Linking an External Account
Some online banks have worked around the issue of not having any physical ATMs by providing an external account service.
For example, you can link an alternate checking account to your Capital 360 account. This allows you the capacity to deposit cash into a local banking account – taking full advantage of their physical location – and then easily transfer it over into your online accounts.
There may be small fees associated with this transfer. But usually the lower rates of an online bank make up for these small one-time transaction fees.
There’s an App for That
Still, even with this option, there are many online banks without either of these options. No external account option, no physical presence – does this mean there is nothing to do with your hard-earned cash but stuff it into your mattress for a rainy day?

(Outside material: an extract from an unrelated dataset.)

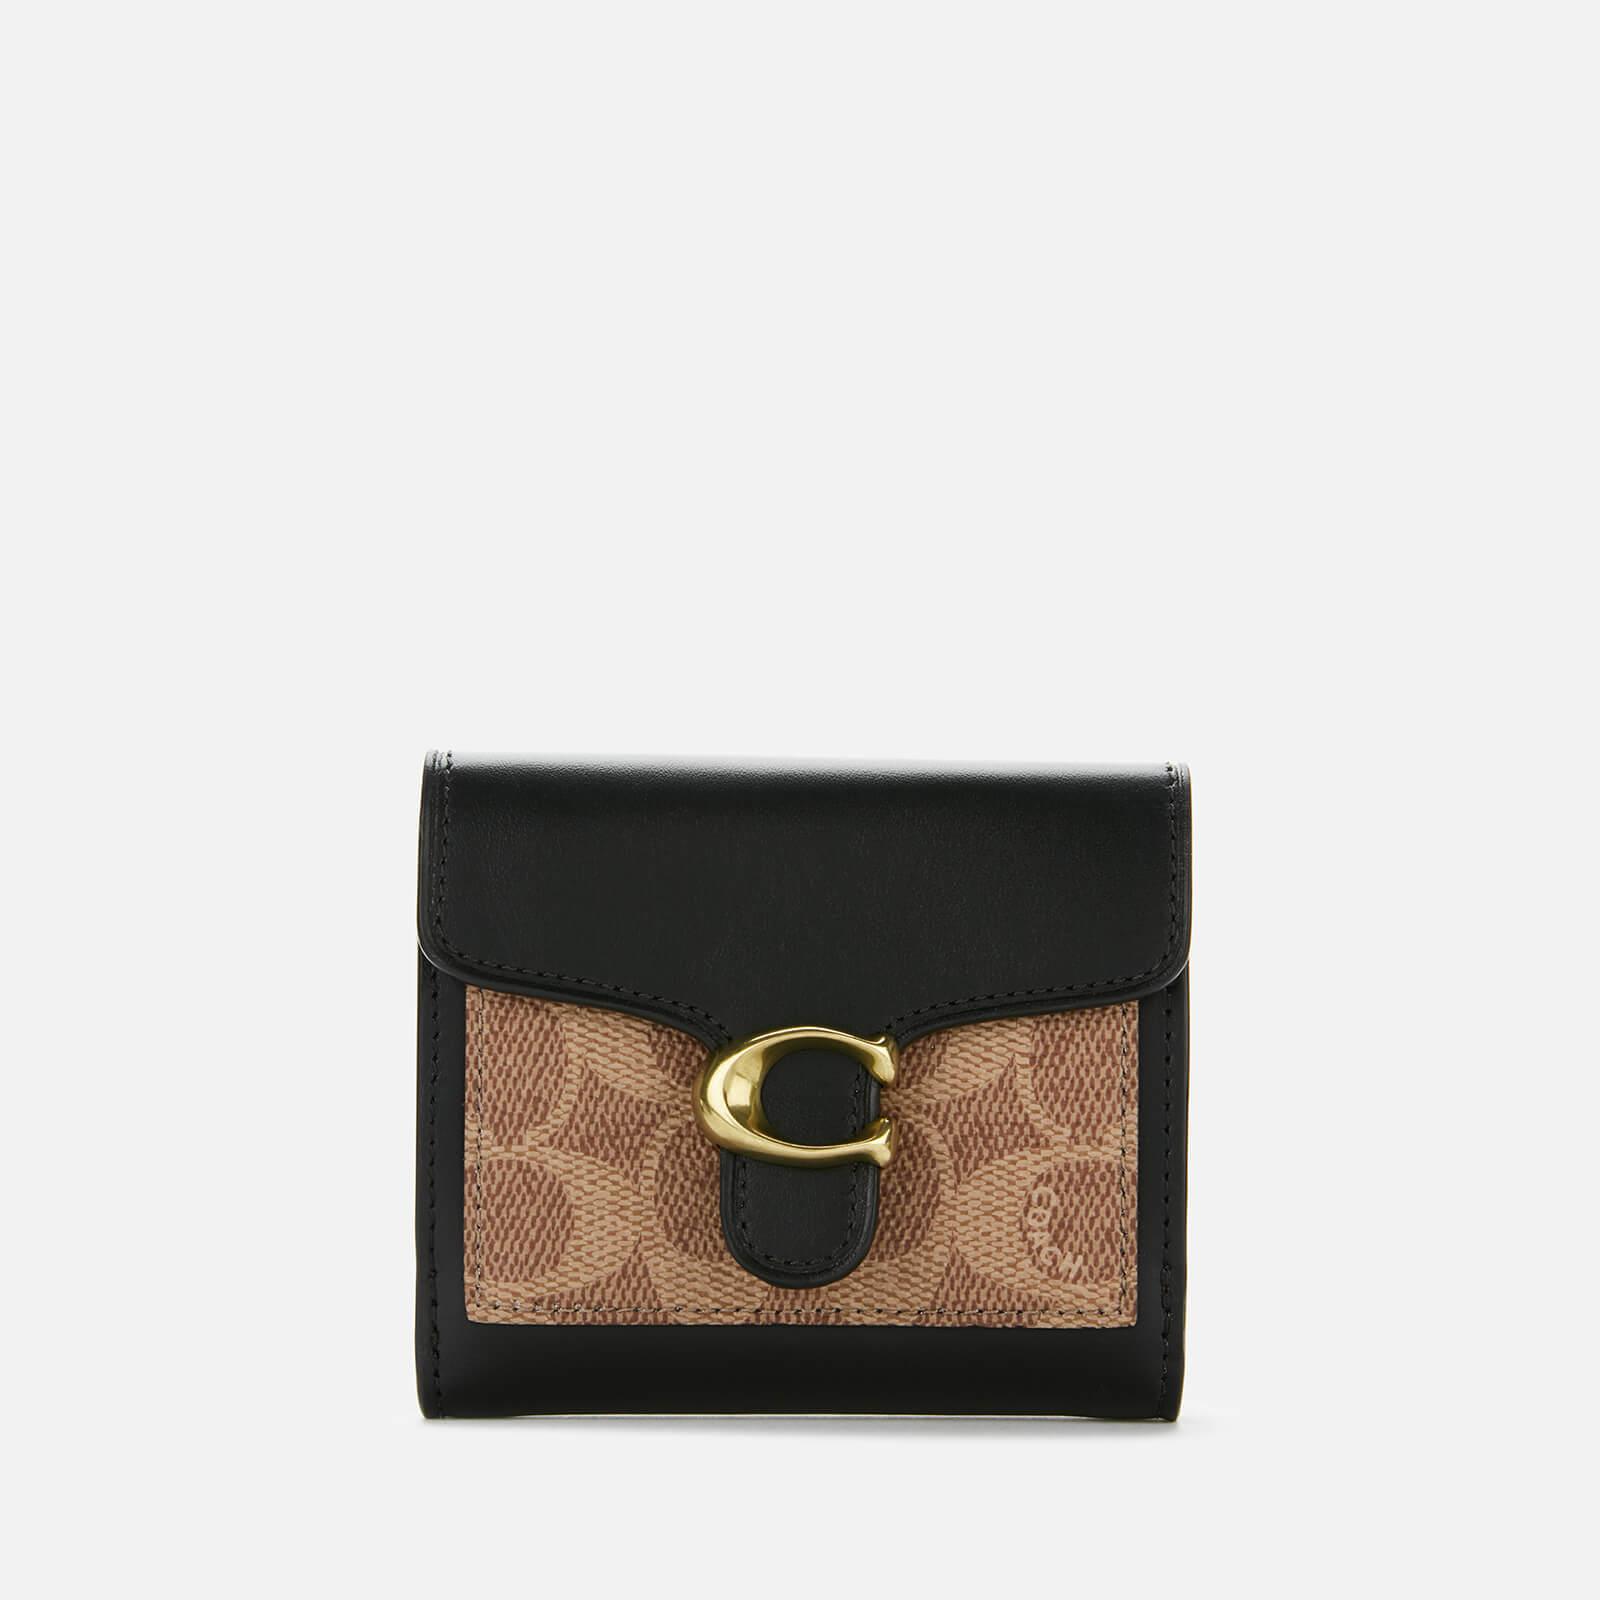 COACH Colorblock Tabby Small Wallet in Black | Lyst
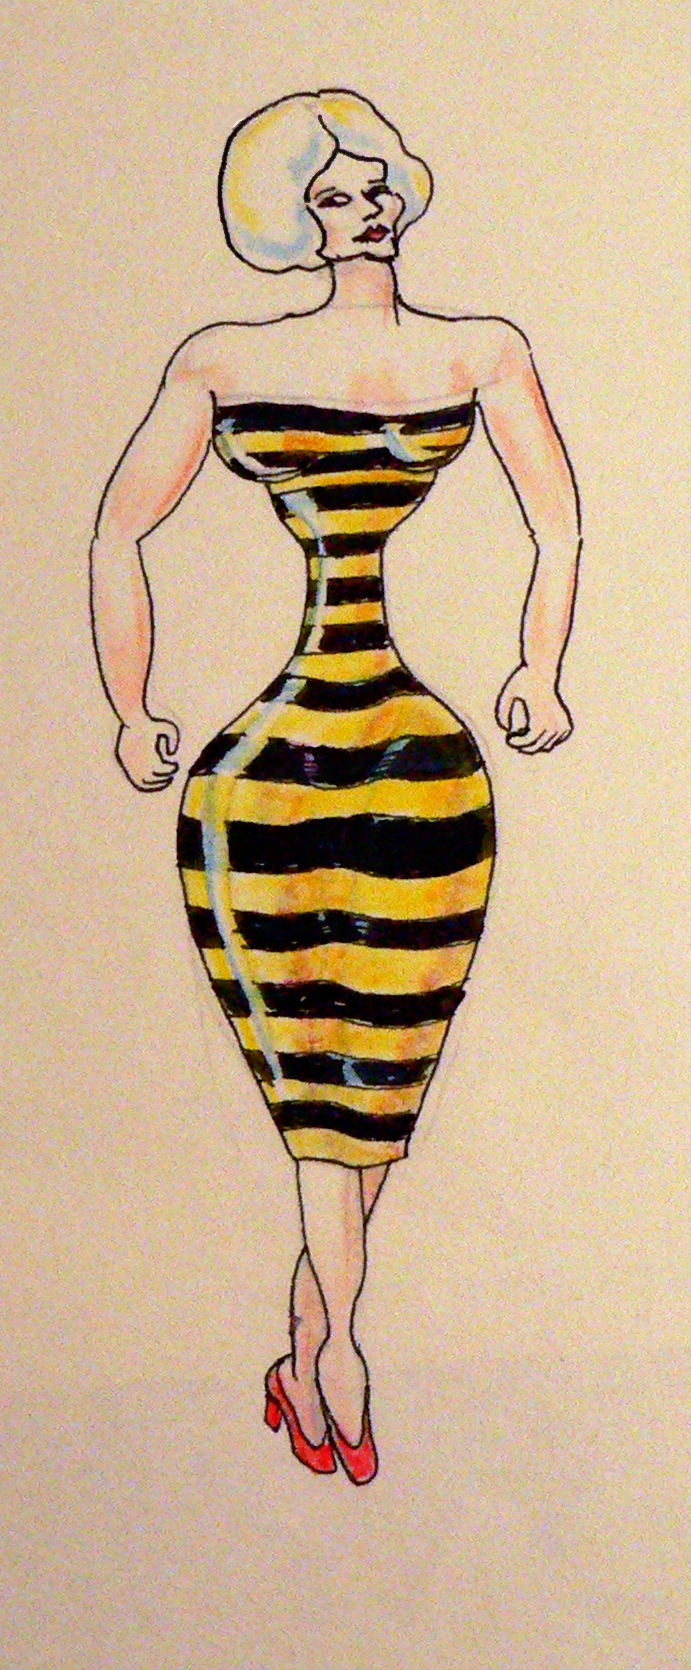 Woman with a wasp-like waist by francish7 on DeviantArt

There are some ingenious ways to work around the restrictions of the online banking system, specifically the ability to remotely deposit checks. This feature, completed using a mobile banking app, allows clients to take a photo of the front and back of the checks, log some basic information, and make a remote deposit. Many banks offer this service for free, although you do need to hold on to the paper copy of the check for a few months after the initial deposit.
The easiest way to transform your cash into a check is by purchasing a cashier’s check or money order. Cashier’s checks and money orders are available at local banks and credit unions; alternatively, some post offices and corner stores provide this service as well.
There is a fee associated with cashier’s checks. But if you rarely make cash deposits, it shouldn’t be too cost-prohibitive.
What About Wire Transfers?
Wire transfers work well for depositing large sums of money securely into your bank account. They are also a good option if you are currently overseas and can’t access any local banks to make your cash deposit.
Wire transfers are much more expensive than a cashier’s check, starting at $15 for internal wires, more for international. Annoyingly they also have costs associated with the inbound and outbound ends of the transaction, which is why it’s usually only worthwhile for more substantial sums.
Using a Prepaid Debit Card
If you frequently have cash to deposit, consider the option of a getting a prepaid debit card linked to your online account. Although not all prepaid cards offer this service, some allow you to put cash onto your card at stores like Walmart. GoBank is one example of a prepaid card. They allow customers to add cash at any Walmart till with no additional fees.
Although this method doesn’t actually put funds into your account, it does transform your handful of cash into an electronic payment method. Shop around for prepaid cards before purchasing one, though. They might come with transaction fees and restrictions that can quickly eat up the balance without you realizing it.